→ **What you should do**: Would you reproduce, word for word, only the lines from the one with "Golden retriever and" to the end of the listing below?
= Beginning of Section =
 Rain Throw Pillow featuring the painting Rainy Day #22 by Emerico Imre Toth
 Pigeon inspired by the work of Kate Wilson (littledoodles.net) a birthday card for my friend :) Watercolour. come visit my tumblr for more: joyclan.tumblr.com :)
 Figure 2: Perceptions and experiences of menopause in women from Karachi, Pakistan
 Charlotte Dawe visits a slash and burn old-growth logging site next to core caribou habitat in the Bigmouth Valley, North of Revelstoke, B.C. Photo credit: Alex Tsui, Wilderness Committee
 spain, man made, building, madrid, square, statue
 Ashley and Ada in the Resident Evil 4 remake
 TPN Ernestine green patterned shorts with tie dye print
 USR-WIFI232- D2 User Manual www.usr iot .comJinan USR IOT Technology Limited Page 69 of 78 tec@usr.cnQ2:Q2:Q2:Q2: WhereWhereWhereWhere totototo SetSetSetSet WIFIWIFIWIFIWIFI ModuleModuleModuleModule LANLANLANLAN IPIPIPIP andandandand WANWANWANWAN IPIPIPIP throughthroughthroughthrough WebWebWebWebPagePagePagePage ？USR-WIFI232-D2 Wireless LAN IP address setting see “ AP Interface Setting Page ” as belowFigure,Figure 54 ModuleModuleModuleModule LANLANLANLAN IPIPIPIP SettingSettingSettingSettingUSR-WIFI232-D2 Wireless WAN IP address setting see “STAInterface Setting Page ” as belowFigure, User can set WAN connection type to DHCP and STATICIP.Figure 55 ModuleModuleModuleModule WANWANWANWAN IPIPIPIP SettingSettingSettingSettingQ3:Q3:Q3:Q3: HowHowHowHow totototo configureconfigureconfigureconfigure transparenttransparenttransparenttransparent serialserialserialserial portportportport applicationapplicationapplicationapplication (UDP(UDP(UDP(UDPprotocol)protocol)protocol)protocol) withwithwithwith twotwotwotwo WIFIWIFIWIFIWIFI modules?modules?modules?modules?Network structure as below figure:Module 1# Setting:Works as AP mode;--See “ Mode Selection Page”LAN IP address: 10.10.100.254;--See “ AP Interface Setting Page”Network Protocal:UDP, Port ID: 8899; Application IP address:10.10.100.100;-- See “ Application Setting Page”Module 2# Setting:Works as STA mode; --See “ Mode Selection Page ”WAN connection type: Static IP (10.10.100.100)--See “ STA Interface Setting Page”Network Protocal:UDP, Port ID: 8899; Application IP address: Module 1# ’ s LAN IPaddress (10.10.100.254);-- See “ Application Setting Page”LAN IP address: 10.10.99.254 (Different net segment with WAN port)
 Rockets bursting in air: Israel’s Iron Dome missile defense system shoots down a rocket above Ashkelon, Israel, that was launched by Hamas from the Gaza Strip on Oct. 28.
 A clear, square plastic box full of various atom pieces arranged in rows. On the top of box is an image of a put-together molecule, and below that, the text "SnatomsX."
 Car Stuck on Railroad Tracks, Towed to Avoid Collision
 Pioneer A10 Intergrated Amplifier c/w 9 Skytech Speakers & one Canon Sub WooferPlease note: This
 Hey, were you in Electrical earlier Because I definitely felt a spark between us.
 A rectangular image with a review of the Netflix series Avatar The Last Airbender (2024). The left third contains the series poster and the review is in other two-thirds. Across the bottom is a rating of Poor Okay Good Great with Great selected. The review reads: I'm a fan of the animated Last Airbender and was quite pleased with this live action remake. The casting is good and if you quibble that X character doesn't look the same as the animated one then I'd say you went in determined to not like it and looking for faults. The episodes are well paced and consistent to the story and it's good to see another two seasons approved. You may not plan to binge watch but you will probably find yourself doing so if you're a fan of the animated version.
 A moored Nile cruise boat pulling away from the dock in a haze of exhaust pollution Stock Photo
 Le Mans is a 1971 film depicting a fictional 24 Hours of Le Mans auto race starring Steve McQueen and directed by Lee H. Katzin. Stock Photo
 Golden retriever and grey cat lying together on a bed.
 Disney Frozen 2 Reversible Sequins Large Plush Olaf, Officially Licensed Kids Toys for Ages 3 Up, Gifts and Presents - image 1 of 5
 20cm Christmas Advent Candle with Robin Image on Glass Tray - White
= End of Section =
→ **Result of this task**:
 Golden retriever and grey cat lying together on a bed.
 Disney Frozen 2 Reversible Sequins Large Plush Olaf, Officially Licensed Kids Toys for Ages 3 Up, Gifts and Presents - image 1 of 5
 20cm Christmas Advent Candle with Robin Image on Glass Tray - White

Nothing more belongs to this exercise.